No admite concesiones.
Nada de quedarse
en la superficie del lenguaje,
por más apacible y sugestivo que parezca.
De algún modo la cruda te obliga a ser honesto.
Los crudos nunca dicen cosas importantes,
pero sí profundas. De dos centímetros
de profundidad. Cosas hechas de jirones
de vida, resabios de una existencia
que está por irse. Los crudos se sienten miserables.
Los persigue una angustia que no los deja
ni marcar el teléfono.

Los de El frágil latido del corazón de un hombre son poemas donde habita la desesperación y la tristeza y la melancolía y la nostalgia y el encabronamiento; muchos de ellos son lascivos, procaces.
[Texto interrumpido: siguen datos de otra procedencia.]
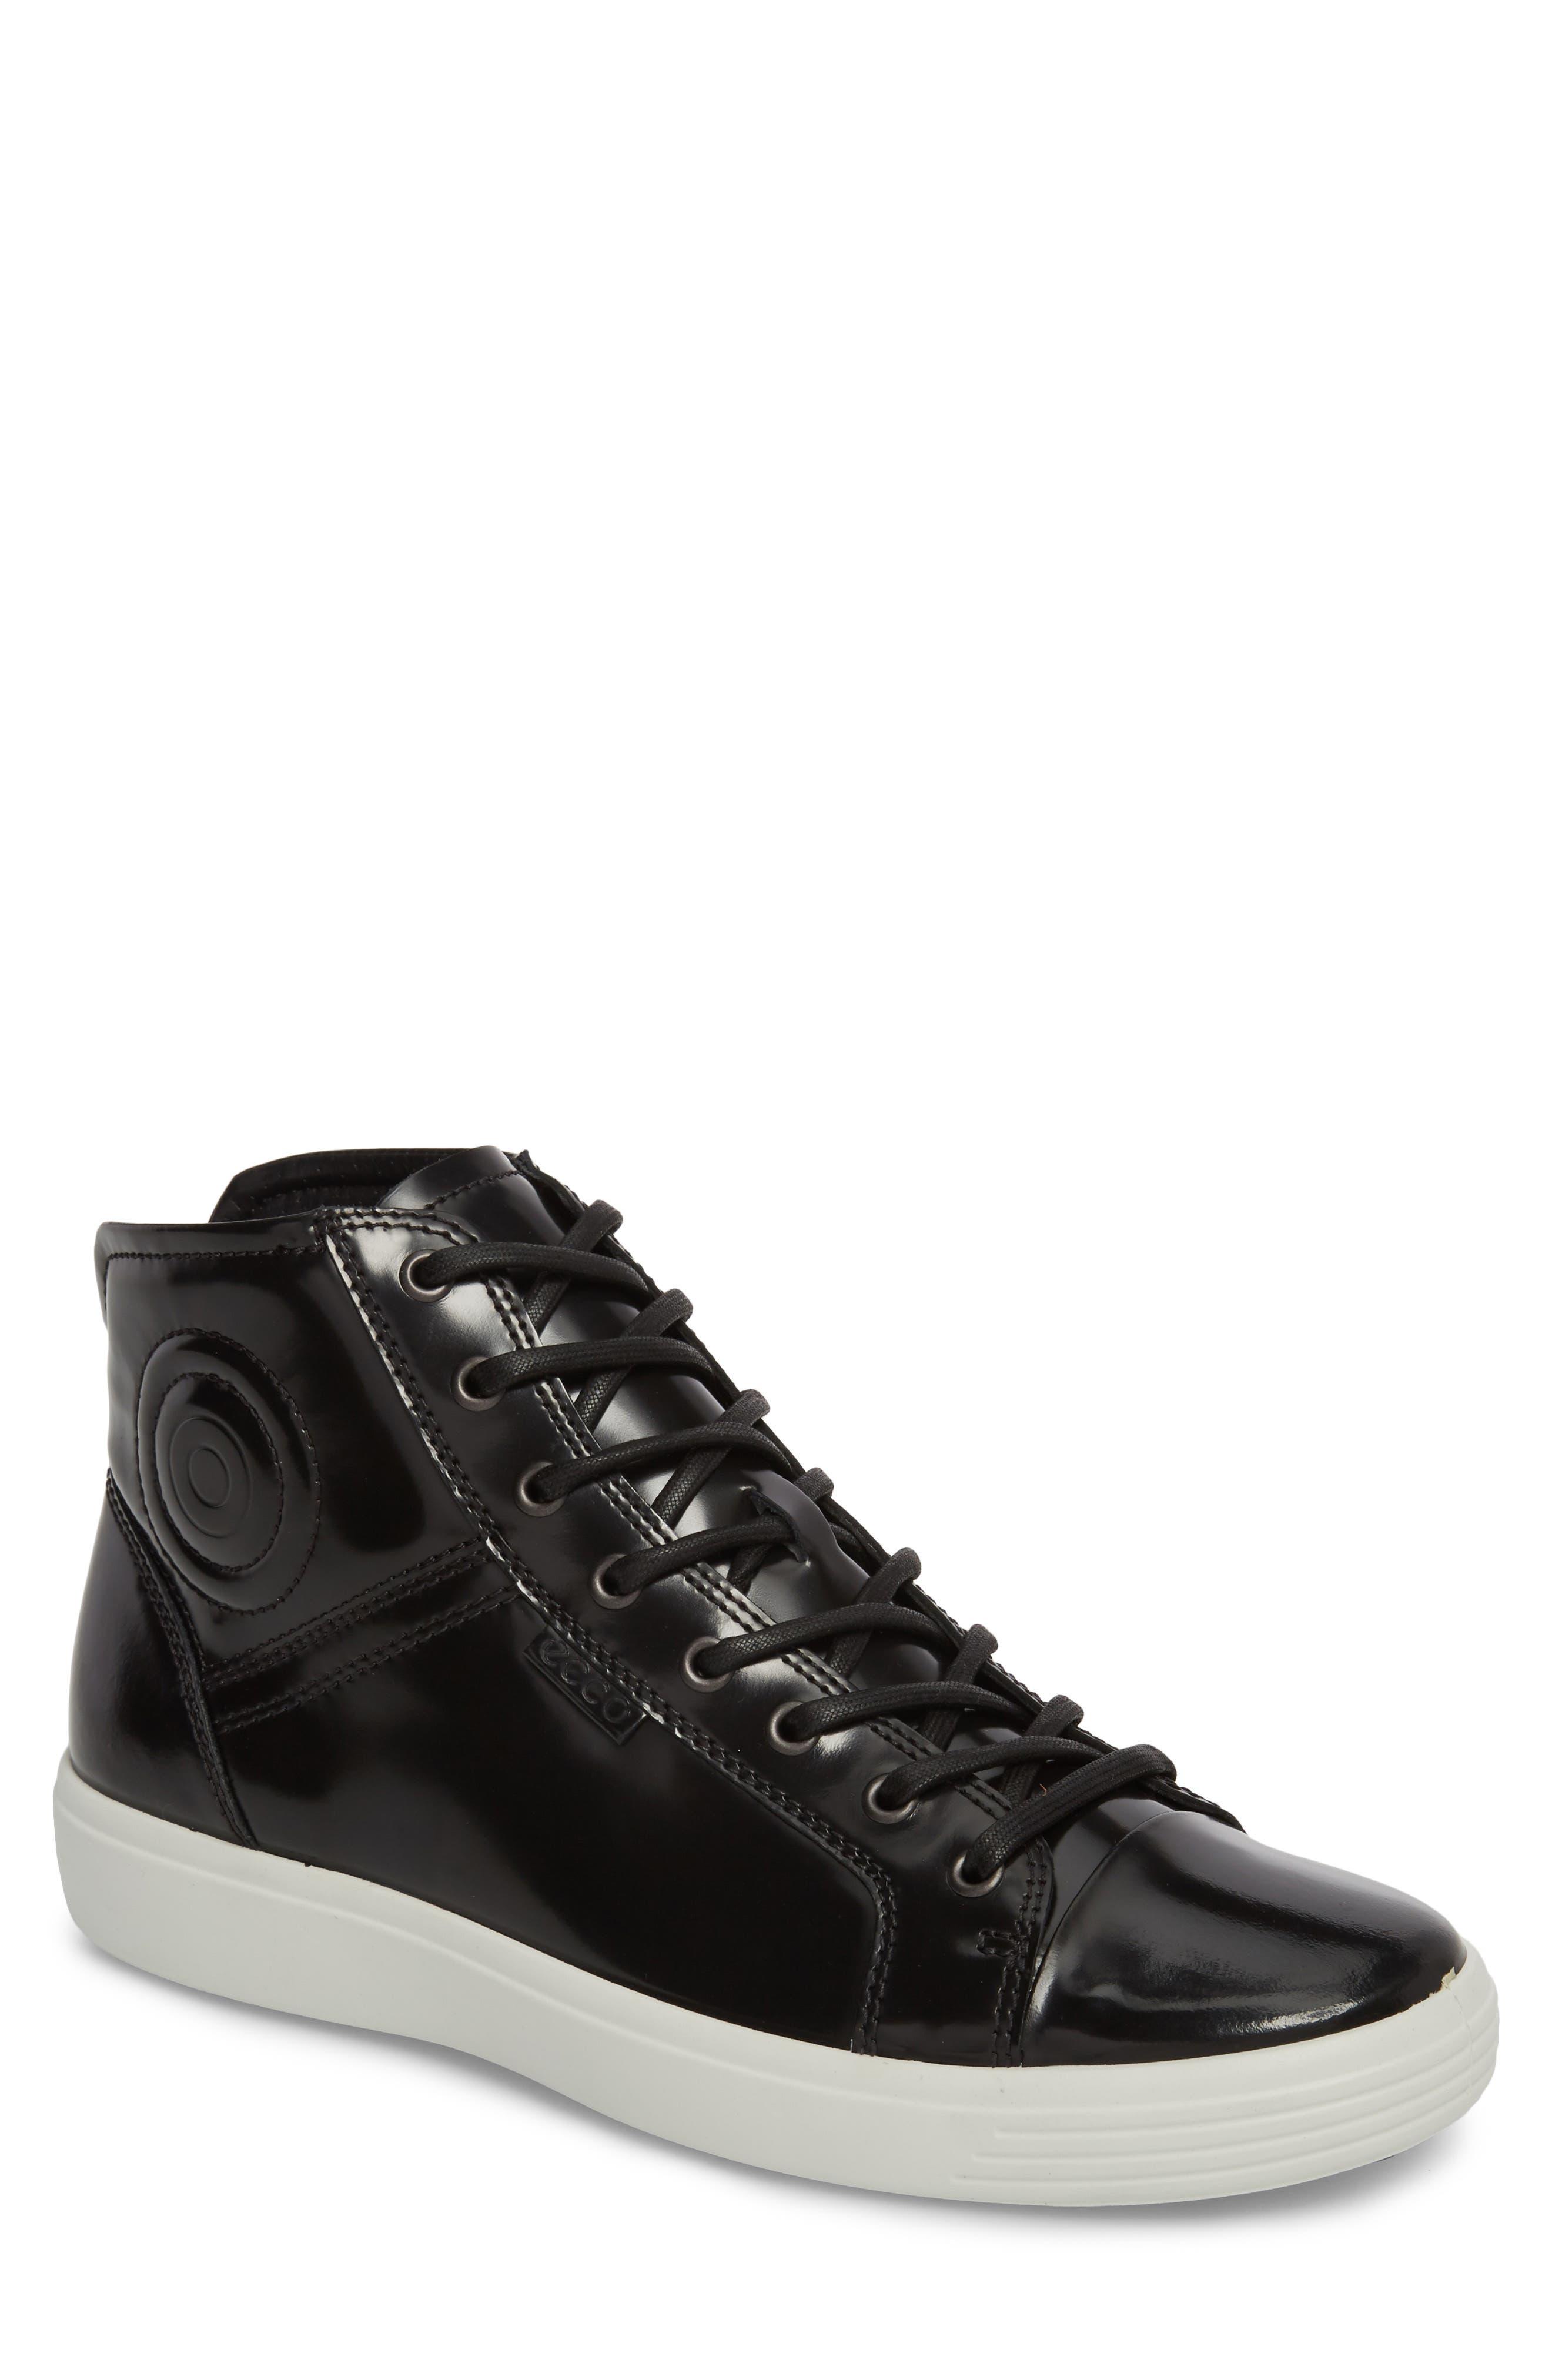 Soft 7 Premium High Top Sneaker,                         Main,                         color, Black Leather

Habla de coños y vergas y tetas y cogidas y culos y mamadas… En otros aparece el erotismo y el amor… La amistad siempre está ahí, como el humor, como los nombres de tantos de sus amigos a quienes convoca, invoca en este libro que reúne tres libros anteriores: “En el primero, escribe Carlos Bortoni en el prólogo, se hacía alusión a un hombre que amaba el alcohol y amaba compartirlo. En el segundo, a un hombre que amaba tanto a su mujer que la compartía con sus amigos y la convertía en prostituta. Y, en el último, termina compartiéndose él mismo en franca bisexualidad”.

El frágil latido del corazón de un hombre es un libro donde también aparecen la esperanza y, aunque muchos no crean, la ternura y el romanticismo de quien es capaz de amar en silencio a una mujer, o de quien dice:

Las mujeres bellas las dejo para los jóvenes.
Las posiciones acrobáticas las dejo
para los fakires.
Yo sólo quiero un poquito –un poquito,
de veras muy poquito– de compasión,
de apapacho. De eso que volteas
y tientas el pelo de una mujer, y lo hueles y lo acaricias,
y dices, puta madre, a mi también me sonríe la vida.

Finalmente le pasaron el micrófono a Eusebio y volvió a recalcar la frase que pronunció infinidad de veces durante toda la borrachera: "Estoy por irme". No tuvo más remedio, sin embargo, que leer un poema y después firmar dedicadorias a diestra y siniestra.